I’m increasingly convinced that the existing IFA system is simply a humanitarian crisis that needs to be fixed at all costs. Kids—and we’re talking about elementary and middle school-aged children, not some colloquialism for older teenage prospects—are suffering and having their futures ruined in service of the international market. Do we think it’s okay to create a system where pre-teens drop out of school and begin a steroid regimen, all in the hopes of catching the eye of an international scout? I do not believe anyone can ethically argue that.

An international draft will not eliminate pre-deals entirely—they exist in the Rule 4 Draft too—but it will restrict them to a reduced time period and not with literal children. The proposed terms of the international draft include hard slotting instead of the domestic draft’s soft-slotting, so there wouldn’t even be the need to cut deals to get bonus cost certainty to manipulate a pool. There’s going to be no incentive for anyone on any side to cut a deal three to four years ahead of time, and the evaluation and training period will move back to when the players are 14 to 16 years old. Is that perfect? No, that’s still younger than I’d like, and it doesn’t solve the coercive nature of everything else happening. But it will stop the extreme child exploitation that has developed over recent years, which might be the single worst thing happening in the entire affiliated baseball diaspora.
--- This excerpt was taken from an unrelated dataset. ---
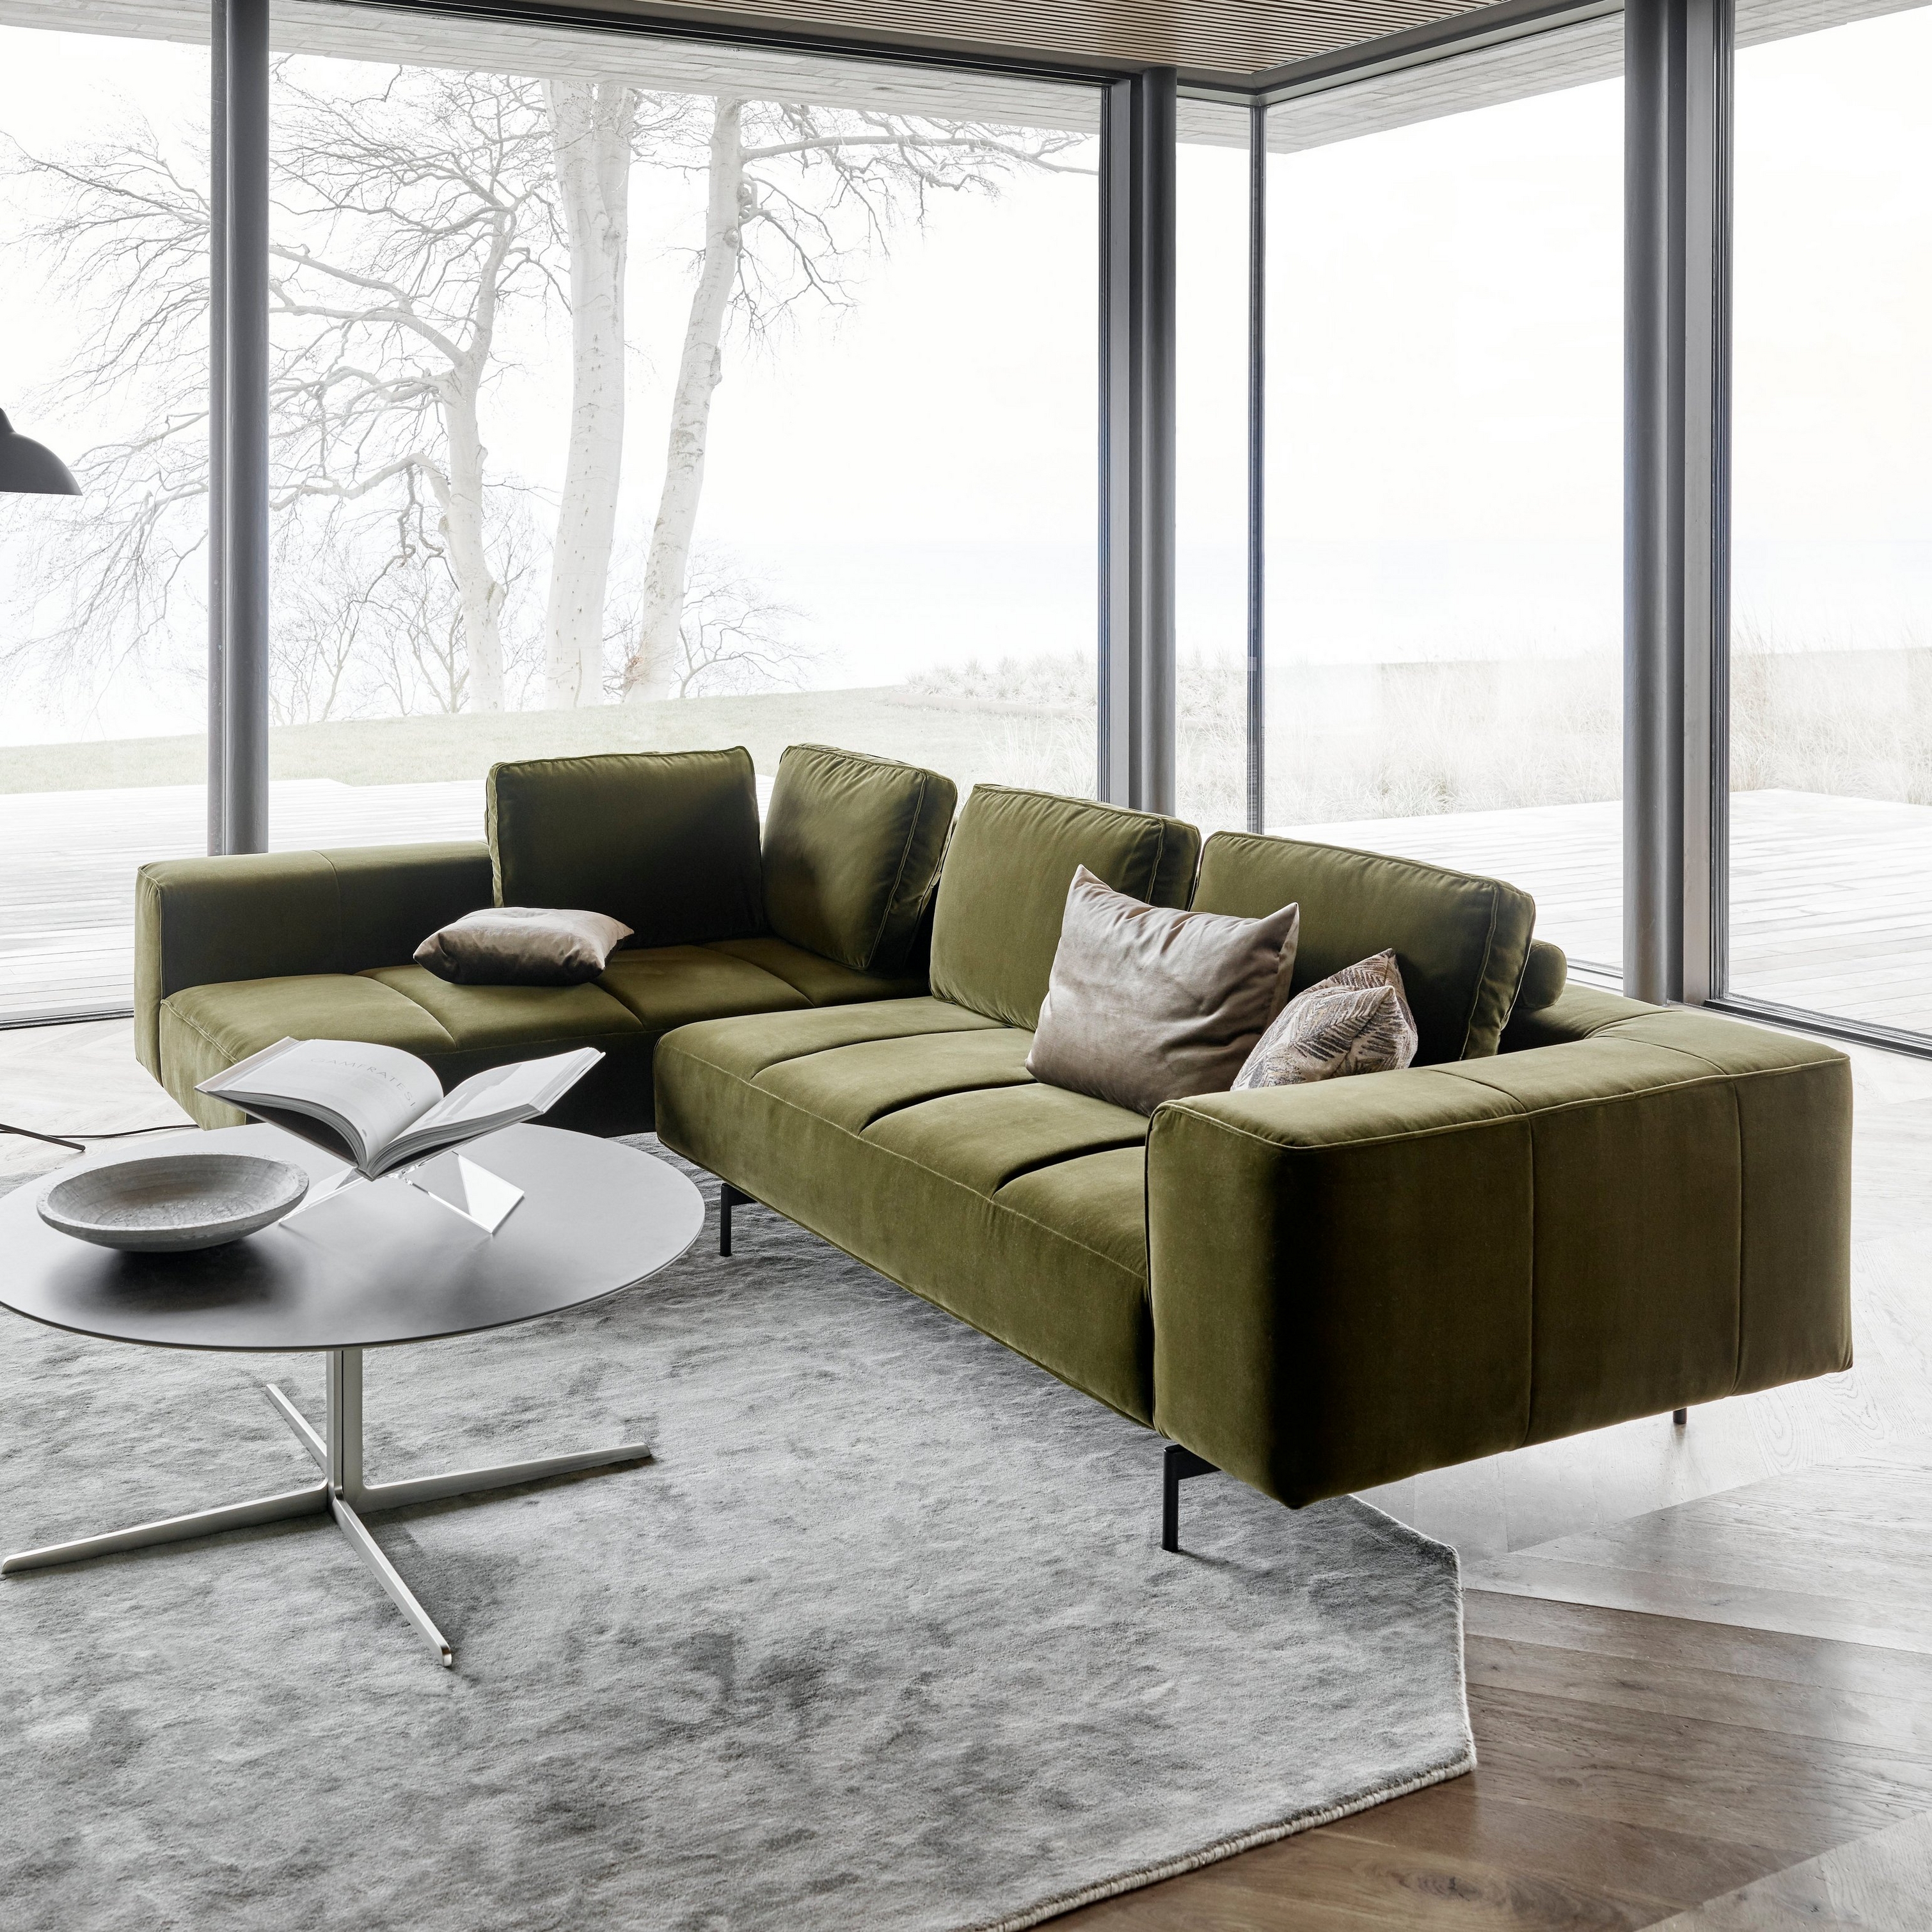 Moderne grøn Amsterdam sofa, sofabord og gulvlampe ved panoramavinduer med udsigt over vandet.

It would be great if all of the stakeholders could divorce this issue from the labor negotiation context and agree to stop the pre-deals without making this level of structural change. But that’s clearly not going to happen as long as both sides see this as a negotiating issue, which isn’t going to change. Now its fate is tied to something veteran players really want: the elimination of the qualifying offer. Complicating matters further is that players from international free agency markets are badly underrepresented in union leadership. Even at that, the kids who are most vulnerable—the ones who don’t make it at all—have no representation in this fight; the union is self-selected to players who eventually made a 40-man roster, after all. The best “success story” out of the current system is 2017 Rays signee Wander Franco, who has already locked in hundreds of millions of dollars—and had to drop out of the sixth grade to get there.

There was a great article by Zach Buchanan the other week on The Athletic tracing the rise of Reds prospect Elly De La Cruz. Buchanan traced the parts of the story you can’t find on his player card or our scouting reports: how De La Cruz struggled to get an offer at all, signing for $65,000 after he nailed a late tryout with the Reds because he was an “older” player even though his signing period hadn’t even opened yet, and how his professional future once hinged on whether there was a bed available for him at Cincinnati’s Dominican Republic complex. And mixed in there are hints of the seedy underbelly to the international prospect scene: he left home to start training for baseball as a 6-year-old kid, and entered a training academy in Santo Domingo at just 10.

You can easily imagine how this could’ve turned out differently for De La Cruz. Maybe the Reds don’t have a bed in the complex and he never signs, just another kid who risked it all and never even got in the door. Maybe he plays poorly his first year in the DSL and gets cut. Those things happened to scores of other kids who worked just as hard and gave up just as much and never made it. You will never know their names and faces, but that doesn’t make them any less real.